Secondly note that $P=\mathbb{Q\setminus N}$ is dense in $\mathbb R$. Now for every $A\subseteq\mathbb N$ we have that $P\cup A$ is dense and countable. It is easy to see that if $A\neq B$ then $P\cup A\neq P\cup B$. Therefore we actually found $2^{\aleph_0}$ dense sets of real numbers which are subsets of $\mathbb Q$.
This shows that there cannot be more than $2^{\aleph_0}$ countable dense sets. As remarked by others, separability is a topological property and it is unclear what topology you are giving this collection.
A: $\mathbb{Q}$ is countable.  So $\mathbb{R}\setminus \mathbb{Q}$ is uncountable.  For each irrational $x$, the set $\mathbb{Q} \cup \{x\}$ is also dense in $\mathbb{R}$.  Hence there are an uncountable number of dense subsets of $\mathbb{R}$.
A: The cardinality of $\Bbb R$ is $2^\omega$ (or if you prefer, $2^{\aleph_0}$), so $\Bbb R$ has $\left(2^\omega\right)^\omega=2^{\omega\cdot\omega}=2^\omega$ countable subsets. Thus, the cardinality of $\Bbb A$ is at most $2^\omega$, since not all countable subsets of $\Bbb R$ are dense in $\Bbb R$. However, it turns out that even though not all of these $2^\omega$ countable subsets are dense, there are $2^\omega$ of them that are dense. Here’s one way to show this.
For $x,y\in\Bbb R$ write $x\sim y$ if and only if $x-y\in\Bbb Q$.


*

*Prove that $\sim$ is an equivalence relation on $\Bbb R$.

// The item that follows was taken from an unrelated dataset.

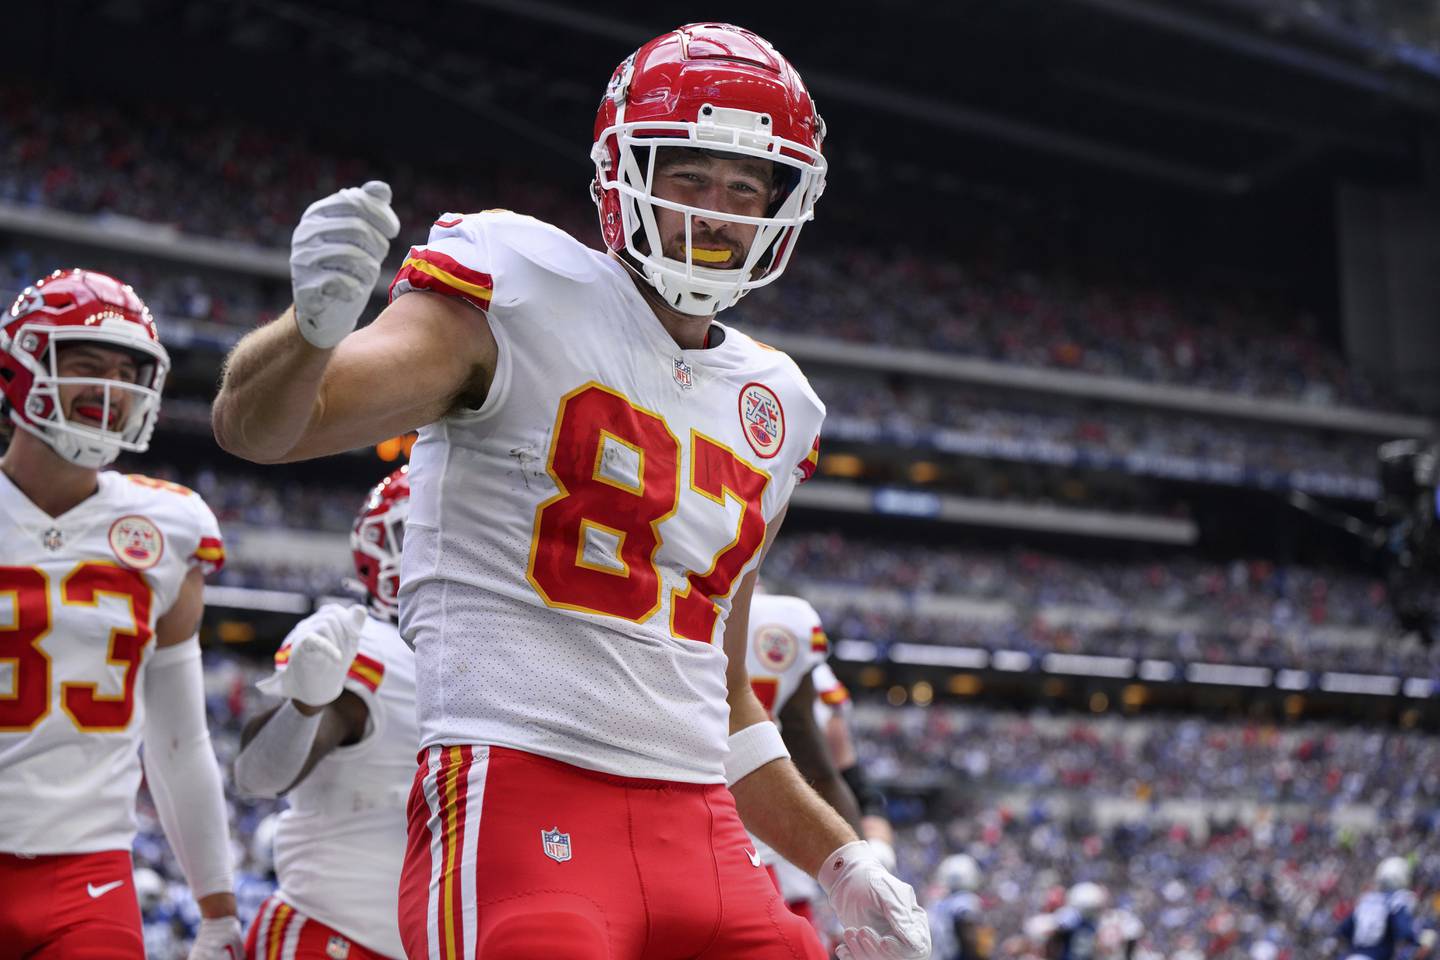 Kansas City Chiefs tight end Travis Kelce (87) celebrates a touchdown during an NFL football game against the Indianapolis Colts, Sunday, Sept. 25, 2022, in Indianapolis. (AP Photo/Zach Bolinger)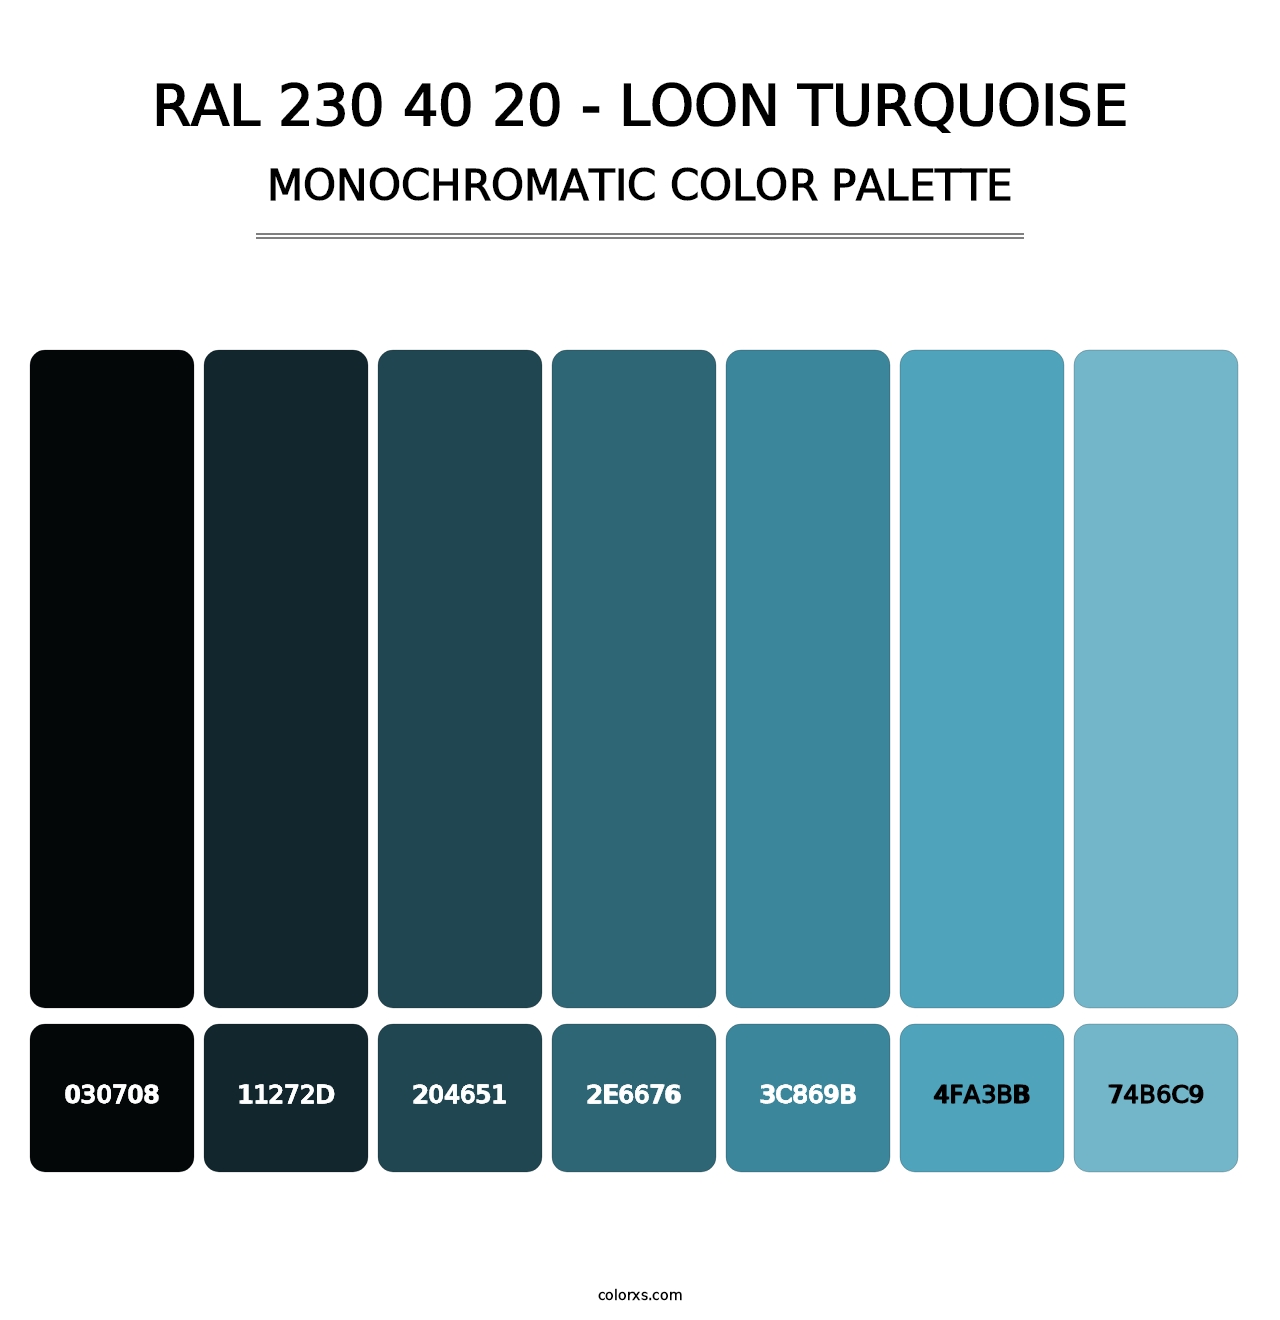 RAL 230 40 20 - Loon Turquoise - Monochromatic Color Palette

*Prove that for each $x\in\Bbb R$ the $\sim$-equivalence class of $x$ is $x+\Bbb Q=\{x+q:q\in\Bbb Q\}$ and is therefore countable.

*Conclude that $\sim$ has $2^\omega$ equivalence classes.

*Show that each $\sim$-equivalence class is dense in $\Bbb R$.
The set $\Bbb A$ isn’t a space at all until you give it some topology: it’s just a collection of subsets of $\Bbb R$.